Baby and I rolled out of our hometown of Roadapple Ridge, Iowa on our way to the High Country of Colorado. I’ve always loved to drive, including drive people crazy, and I’ve spent more days than I’d like to admit just cruising. Waking up in one state and bedding down in another hundreds of miles away wasn’t new to me.

If you can’t tell it already, I have a lot of RAM in my head. Random Access Memory. The weirdest things just pop into my head sometimes, little snippets of my life and whatnot. We saw a school bus heading the other direction into town, and I caught a glimpse of a kid with football pads on, and those two things put together made me think of my dad’s football cheer before an Iowa Hawkeyes game:

Rick ’em
rack ’em
rock ’em
ruck ’em
hold ’em down and
really FFFFFIGHT!

I don’t know how old I was when I realized the last word should have rhymed with ruck, but I do remember that I kept bursting into unexpected laughter while we watched the game on an ancient black and white Zenith TV that was bigger than my first apartment. Seemed like it, at least. I watched John Fitzgerald Kennedy’s funeral on that TV, and I wasn’t tall enough yet to look over the top of it.

My old man was one random dude, too. We’d sit on the couch and watch the game, him cheering every time Iowa scored, then yelling to get off their asses when they didn’t. He and Ma would talk while the commercials were on — insert Ward and June Cleaver here — and then he’d jump up and stand just off to the side of the TV. The game would come back on, and a few seconds later he’d do one of two things: a) he would lean over and stare down the front of that old Zenith like he was waiting for something to pop out of it, and then Ma would bust out laughing, or b) he’d mutter unintelligibly under his breath, and then Ma would bust out laughing.

It took a while to figure that one out, but I finally did. Turns out he was ogling the Iowa cheerleaders when the network would show them, or bitching when they didn’t. To put it more succinctly, he was trying to get a better peek down their cleavage, as if he was standing right in front of them.

The whole idea that you can actually adjust the camera’s angle — you can’t, I’ve tried — but just the *idea* of it is too absurd for words. He wasn’t dumb, he was one hell of a smart guy, but he pretended like, maybe *this* time, he just might be able to see down her shirt. He did it just to get a laugh out of Ma. It worked every time, too. Half the fun was watching his face.

My soul was restless as we rolled up and down the hills of Iowa, and I couldn’t find anything that felt right on the satellite radio, so I did what I sometimes do best: something completely absurd and random. I spun the dial on the satellite receiver and grinned when it landed on one of Baby’s favorites, the 50’s channel. The first notes of Chuck Berry’s “No Particular Place To Go” filled the truck. That’s irony. We were cruising along in the truck, Baby beside me at the wheel, but we DID have a particular place to go. We had to go to Colorado so I could teach that boa not to be a dipshit.
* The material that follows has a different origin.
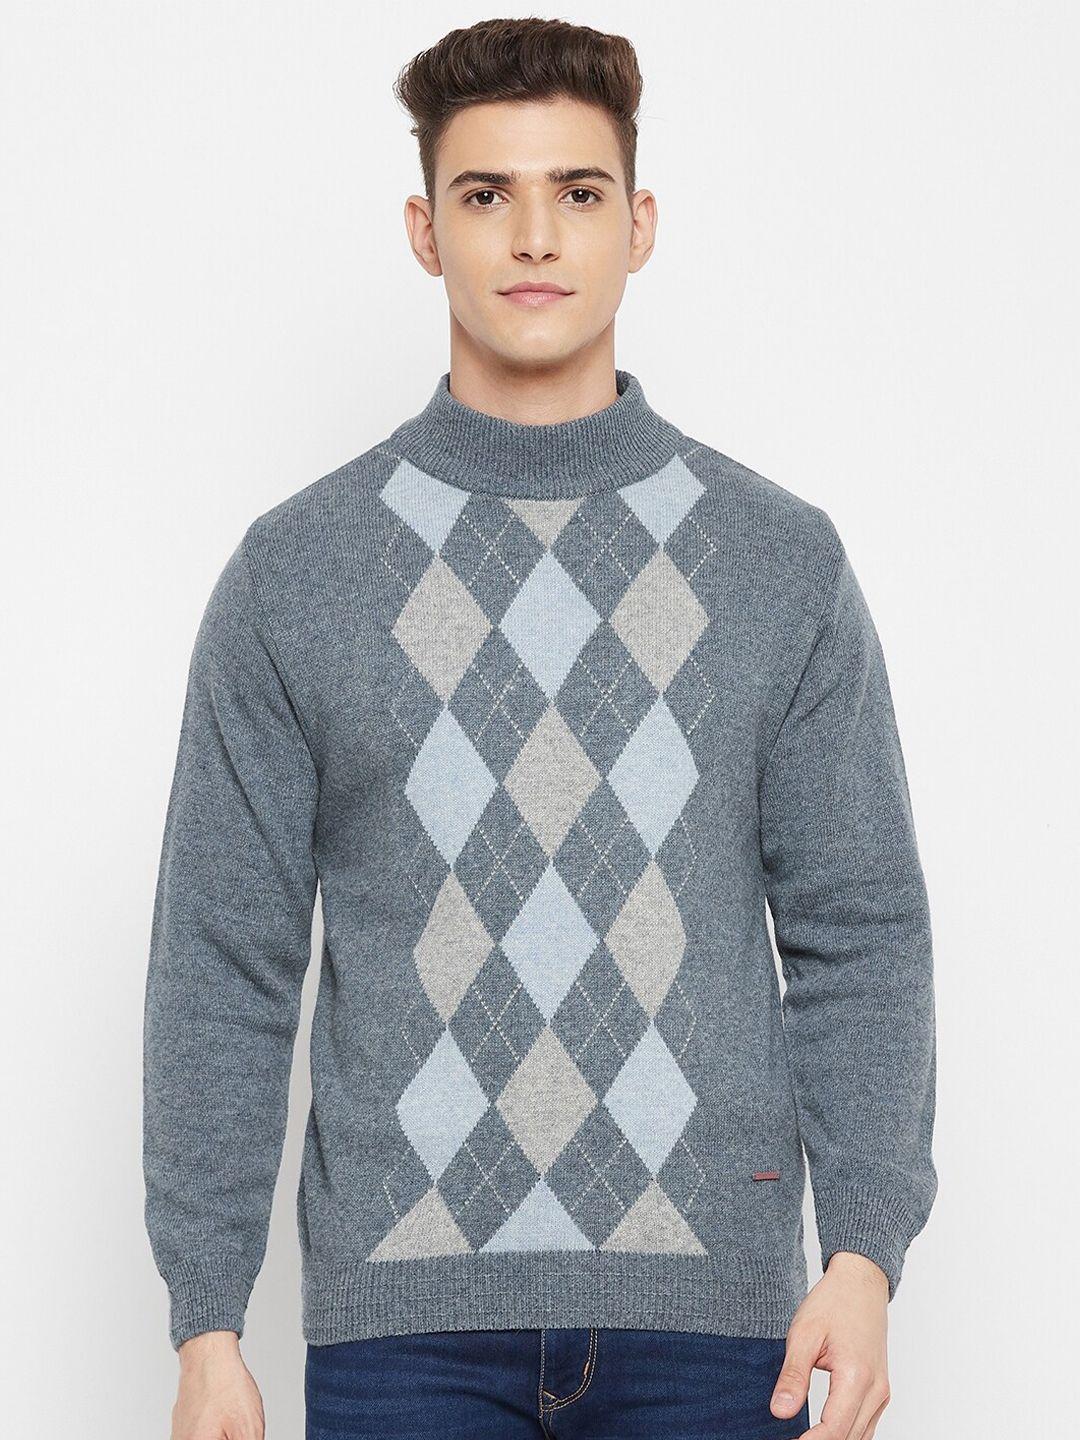 duke-men-grey-fair-isle-printed-pullover

“JD, tell me a story,” Baby said.

“You’ve heard ’em all.”

“I know,” she smiled, “but I want to hear a story.”

“Well okay then!” Baby always giggles at that line because I lifted it from the movie Raising Arizona. After decades of practice I sound sort of like the guy in the parole board hearing. “What story do you want to hear?”

“The one about the stolen railroad locomotive.”